The pairing argument depends on the interval exactly. If $660\le k\le1319$, then
$$1979-1319=660,\qquad 1979-660=1319,$$
so $1979-k$ again lies between $660$ and $1319$. Since $2k=1979$ has no integer solution, no term is paired with itself.
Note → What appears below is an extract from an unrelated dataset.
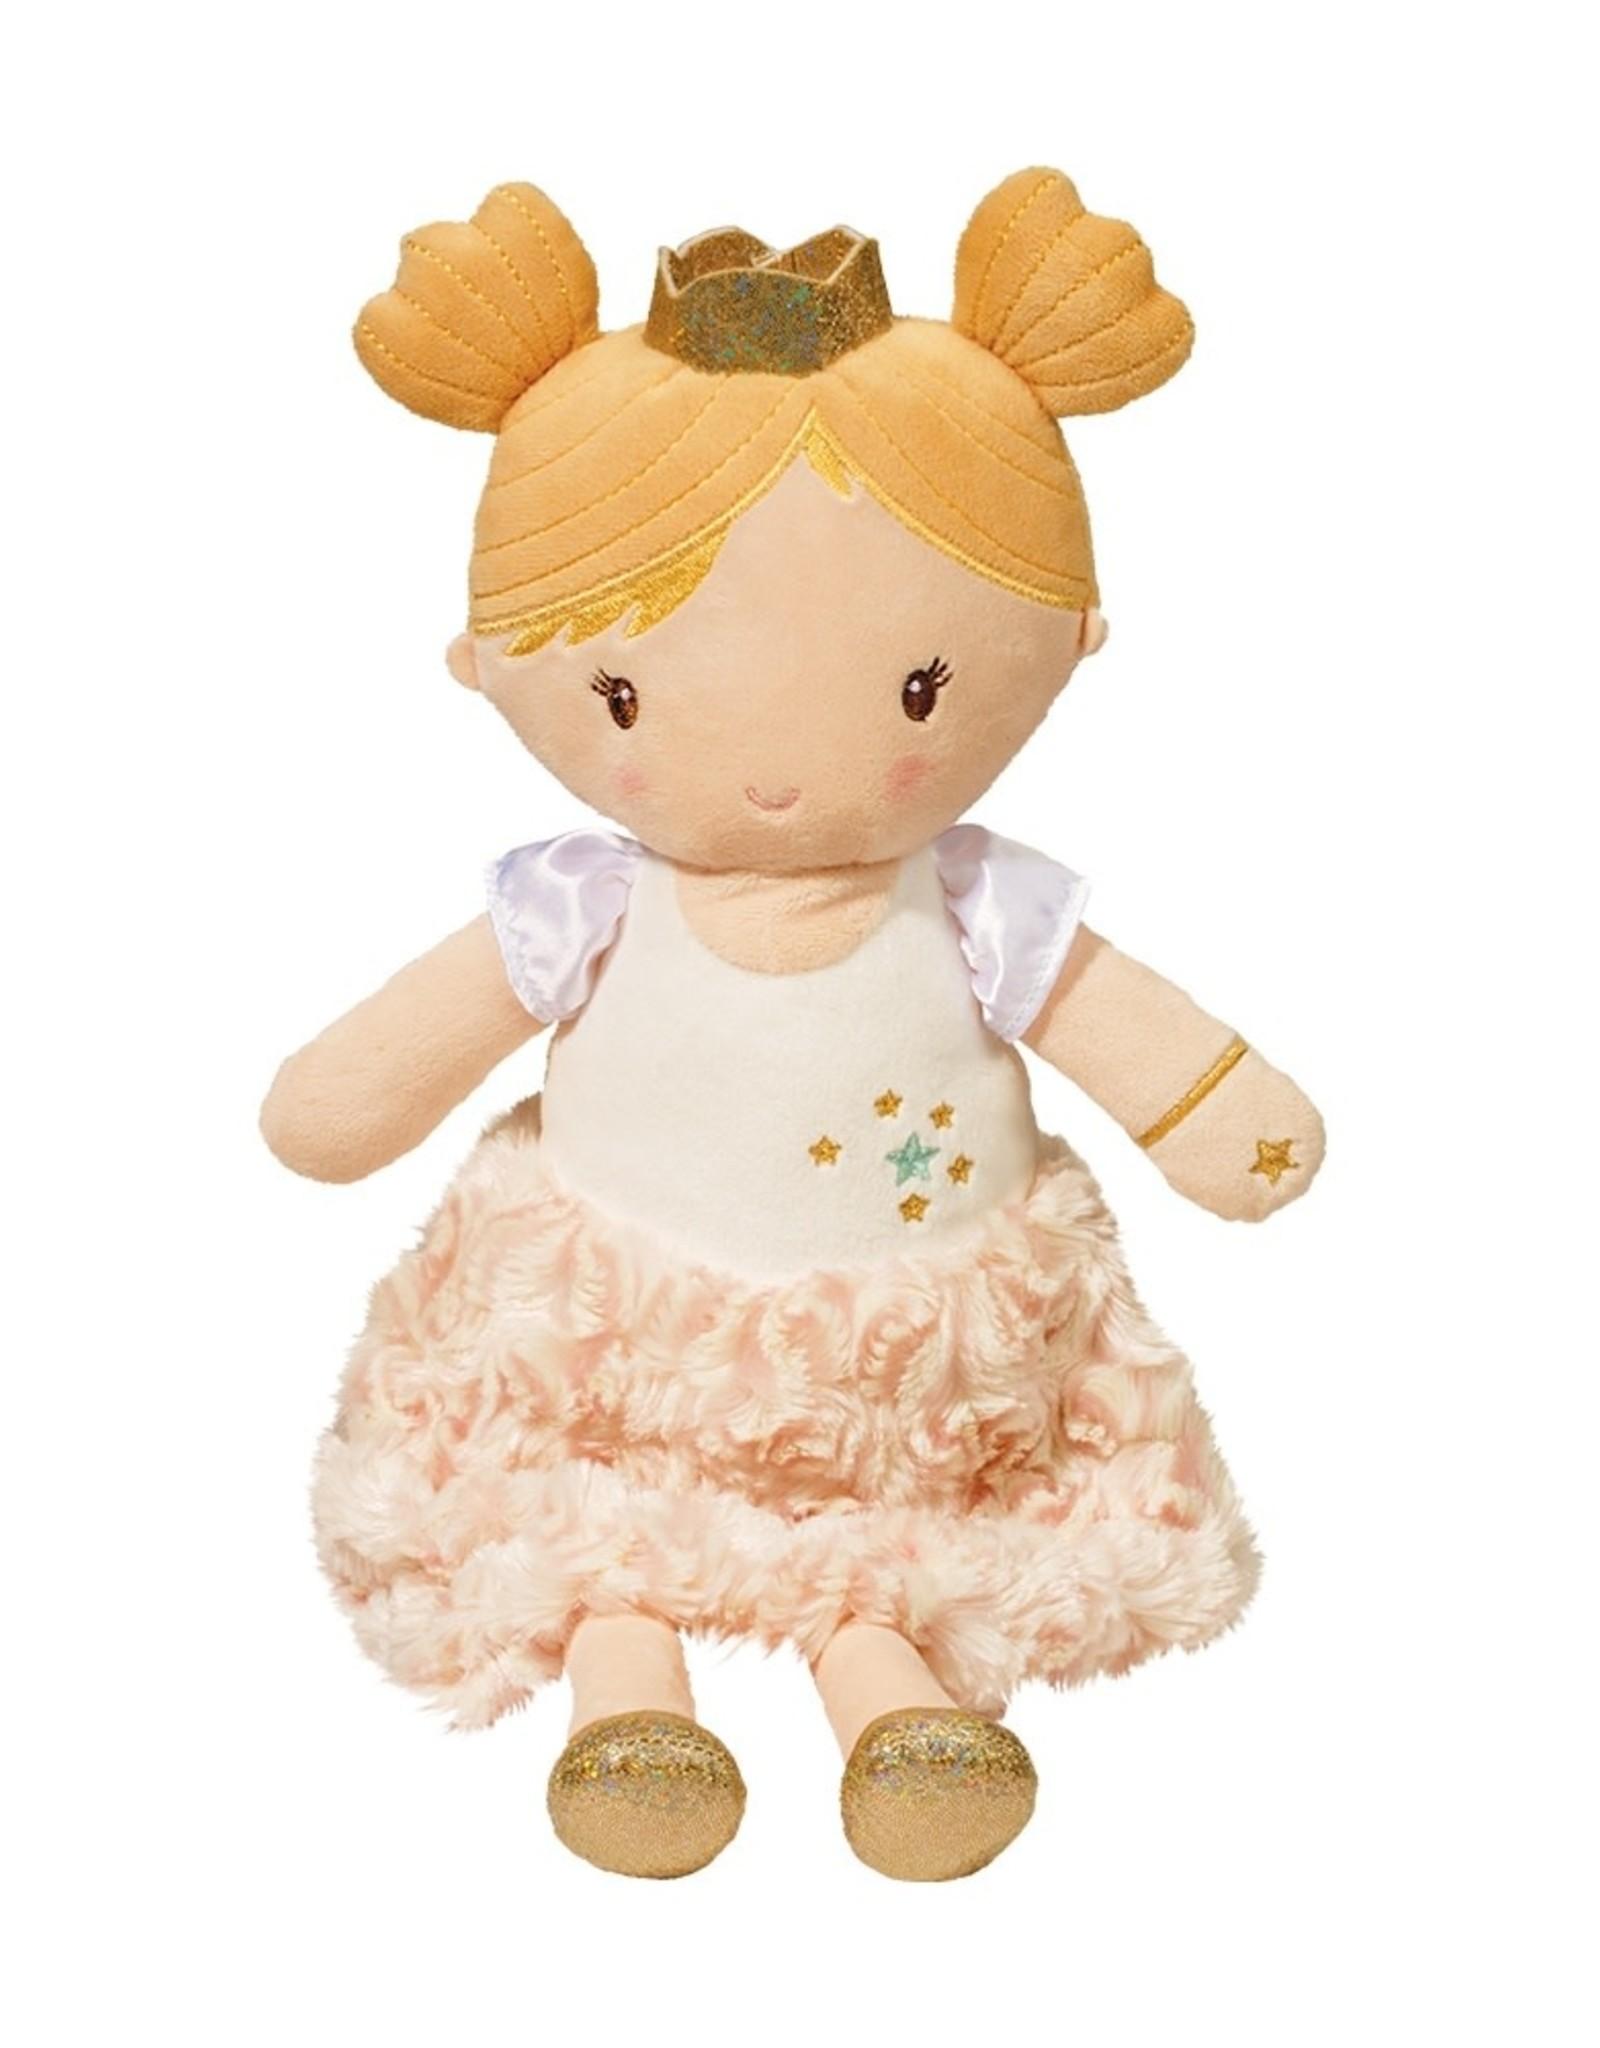 Douglas Doll Plumpie Princess Noa

The final modular step requires $1979\nmid q$. Every denominator in the original sum is less than $1979$, so after bringing the terms to a common denominator and reducing, the denominator cannot acquire a factor $1979$. Thus $q$ is invertible modulo $1979$, and $p/q\equiv0$ indeed implies $p\equiv0$.
Alternative Approaches
Instead of rewriting the alternating sum as $H_{1319}-H_{659}$, one may directly work with
$$S=\sum_{m=1}^{660}\frac1{2m-1}-\sum_{m=1}^{659}\frac1{2m}.$$
Modulo $1979$, the odd denominator $2m-1$ pairs with $1979-(2m-1)$, which is even, and every even denominator $2m$ pairs with $1979-2m$, which is odd. After reorganizing the terms, each pair contributes zero modulo $1979$.
The method using
$$S=\sum_{k=660}^{1319}\frac1k$$
is preferable because the pairing $k\leftrightarrow1979-k$ becomes completely transparent and avoids bookkeeping between odd and even denominators.